======== The data
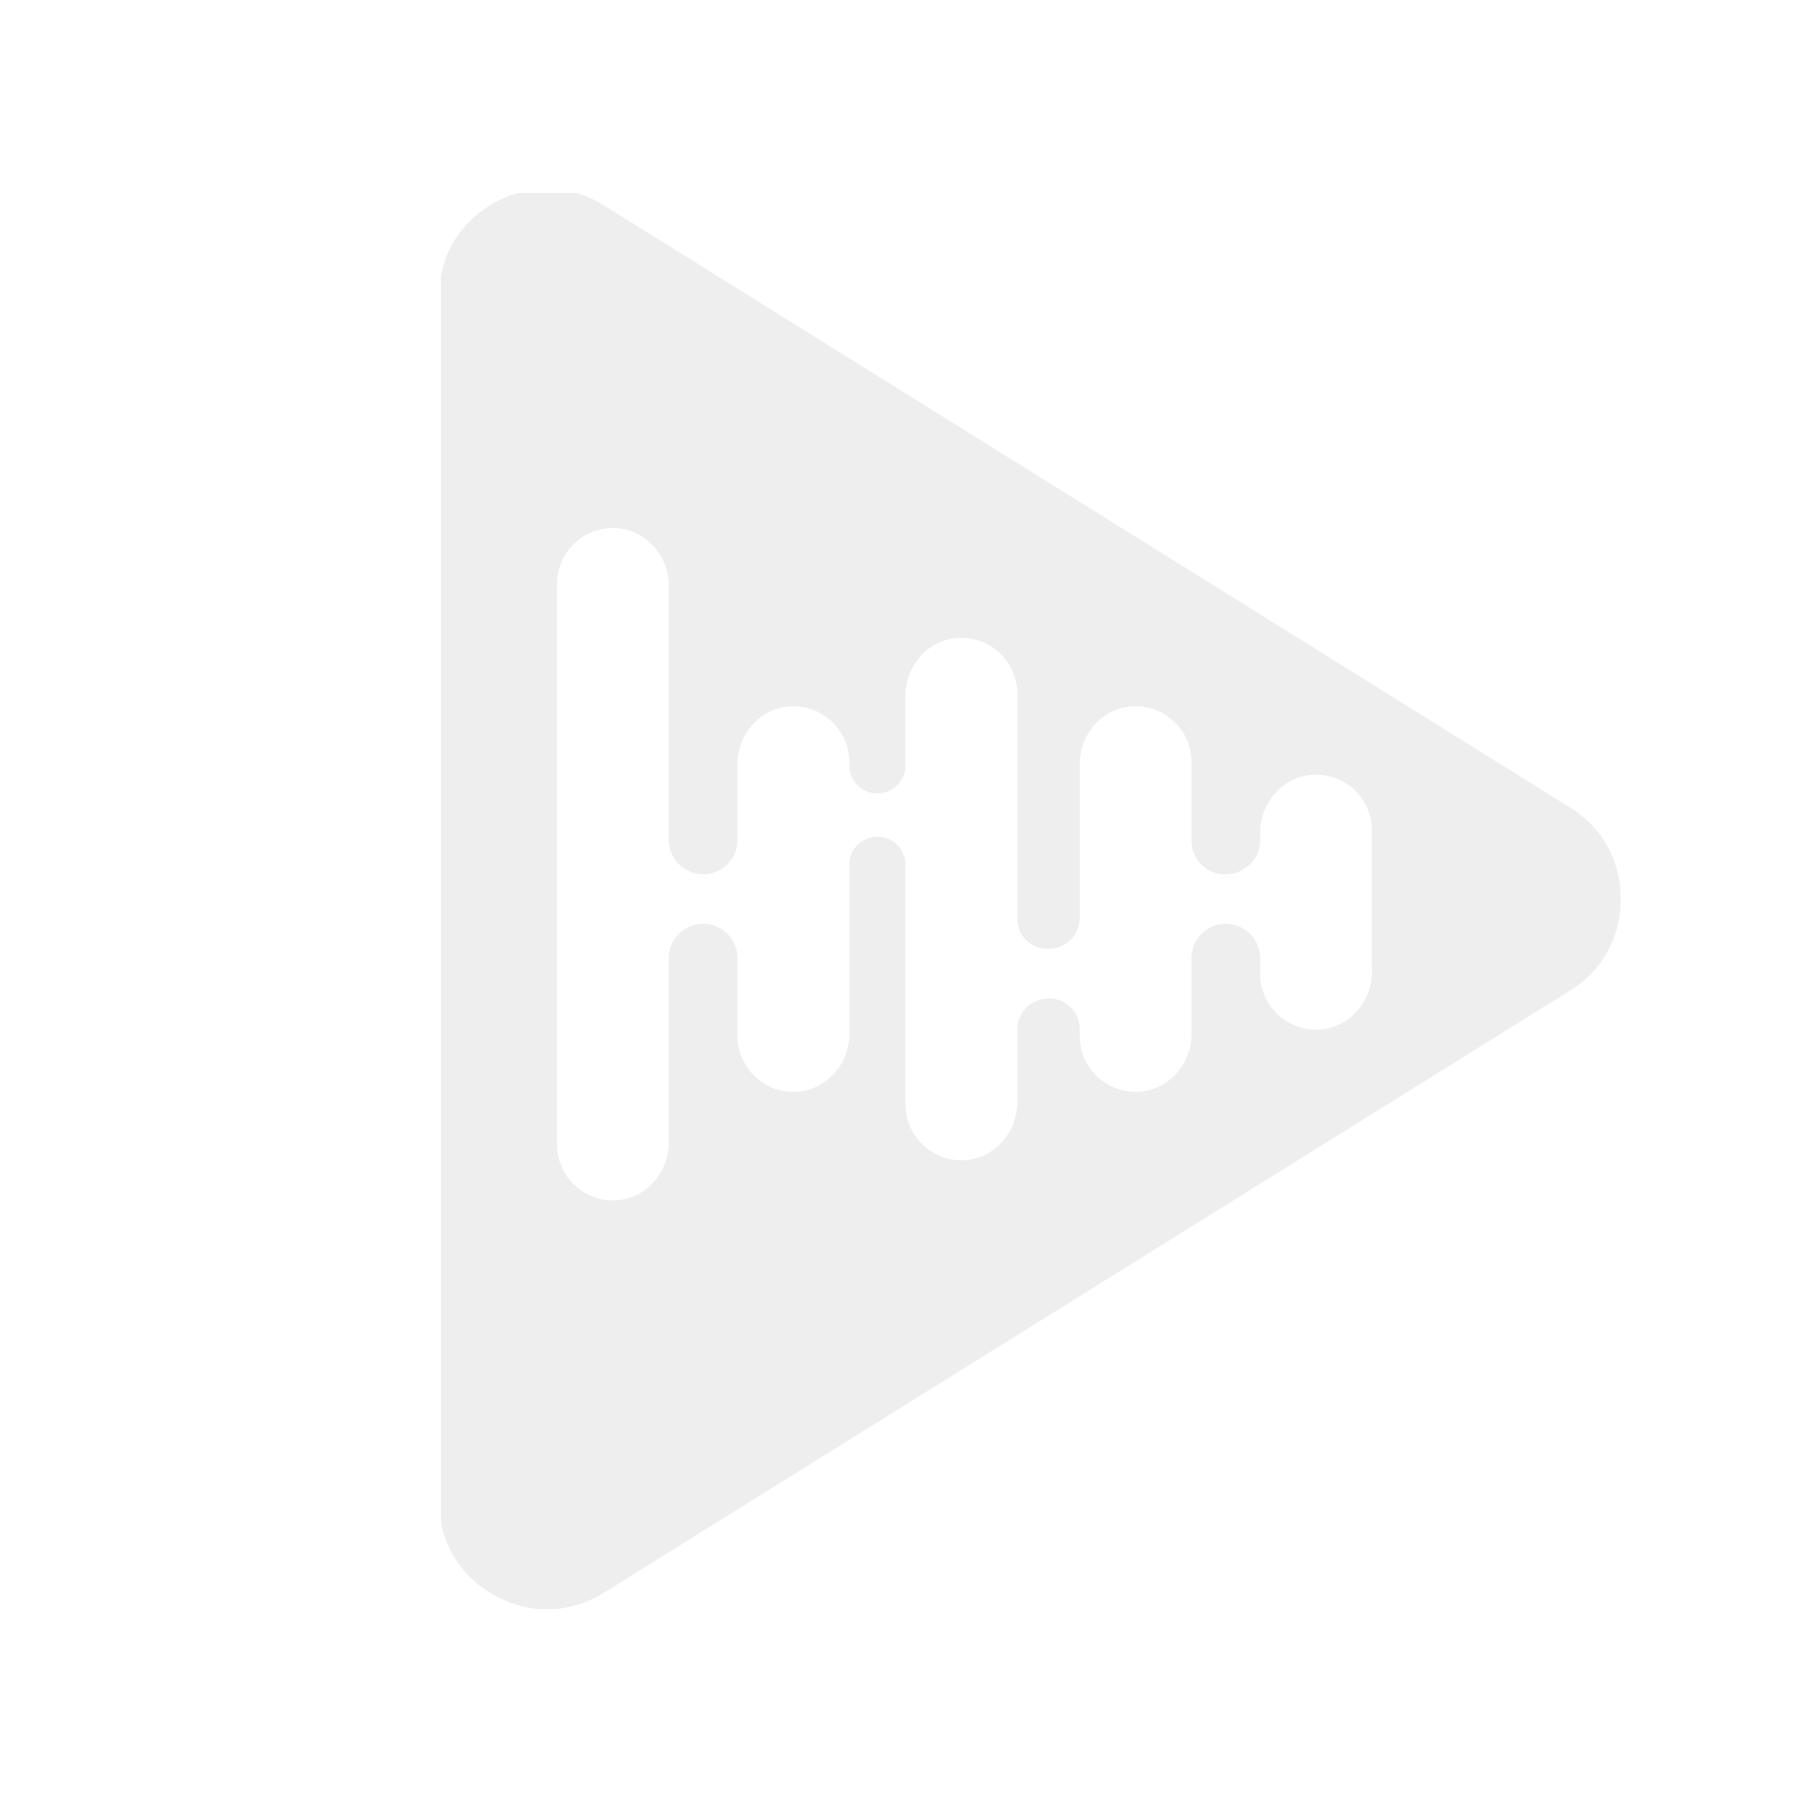 Speedsignal B-3450276
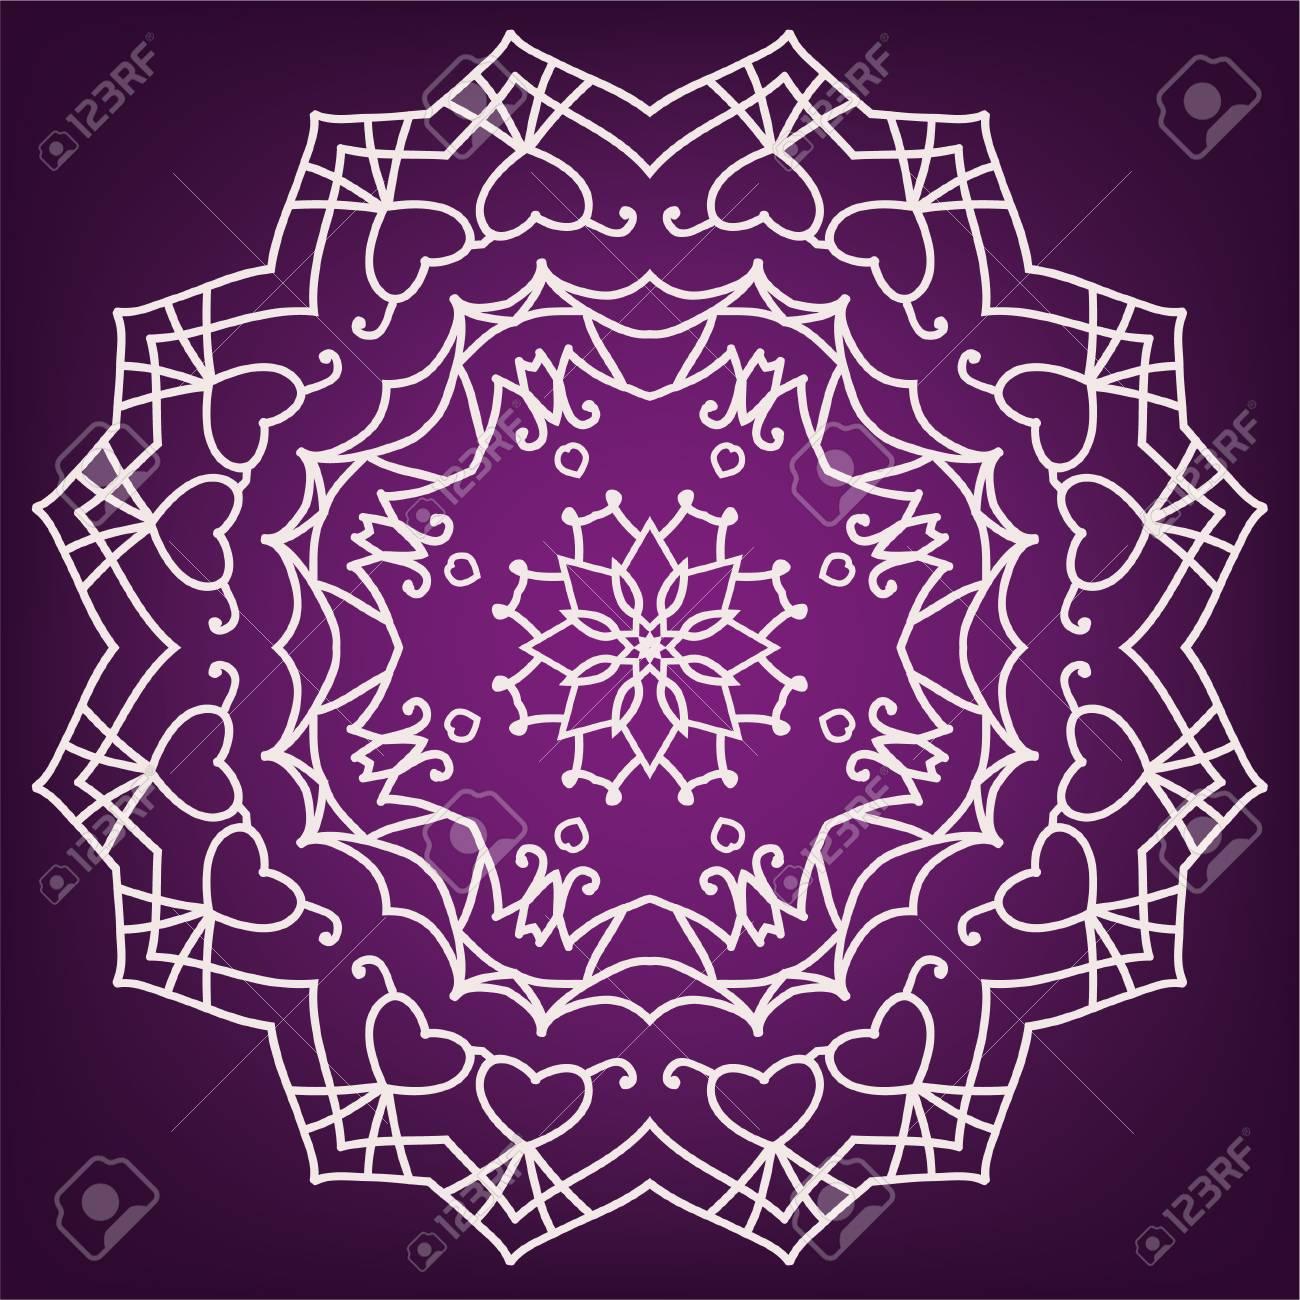 Mandala Of Love On A Purple Background Ethnic Patterns Greetings
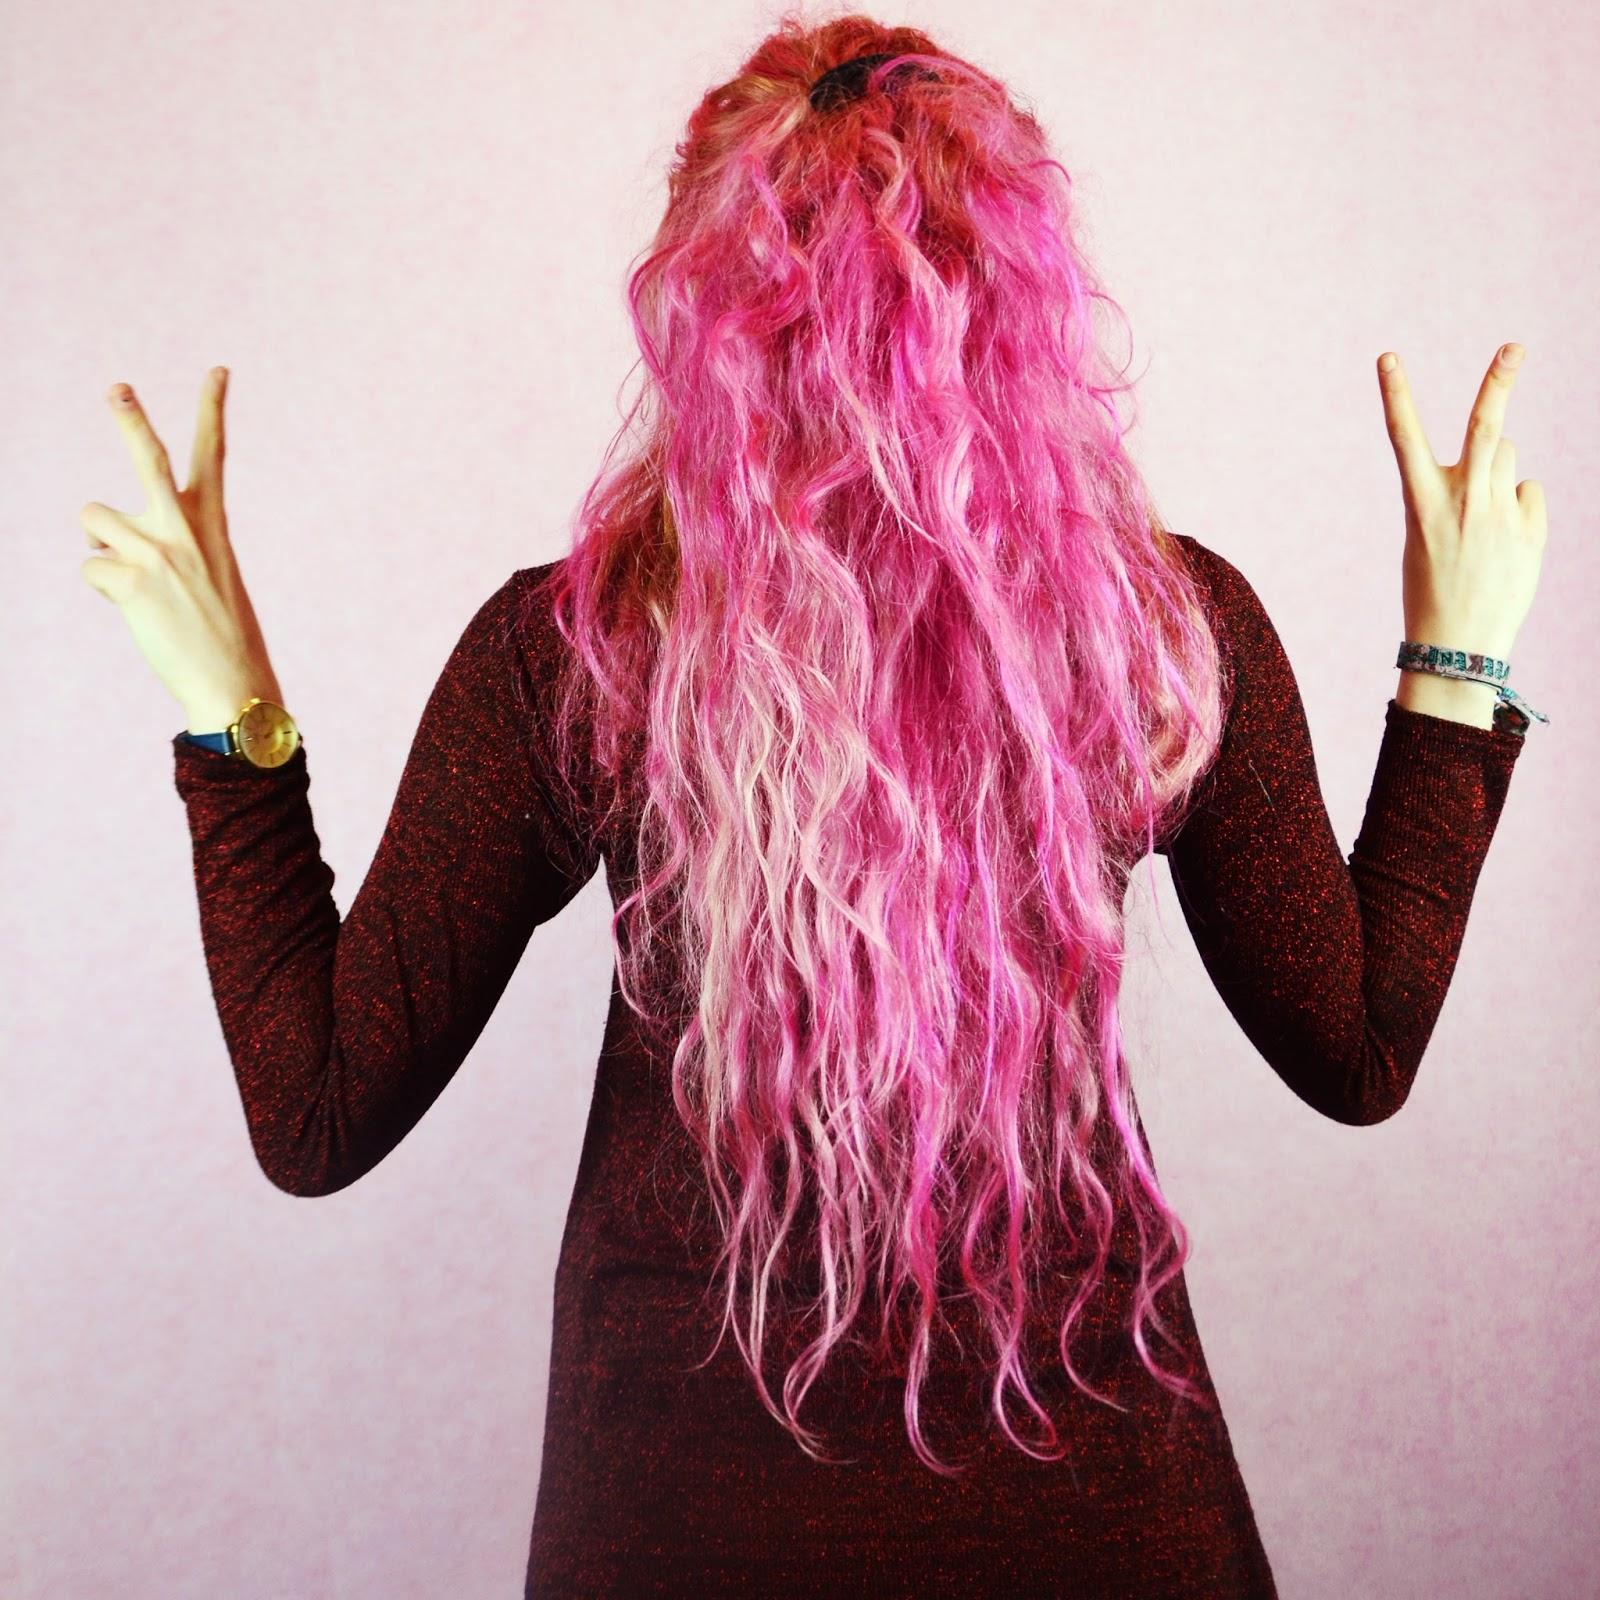 Stephi LaReine dyed pink hair
================
### Prompt
Restate the listing word for word, pictures omitted.

### Solution to the problem
 Speedsignal B-3450276
 Mandala Of Love On A Purple Background Ethnic Patterns Greetings
 Stephi LaReine dyed pink hair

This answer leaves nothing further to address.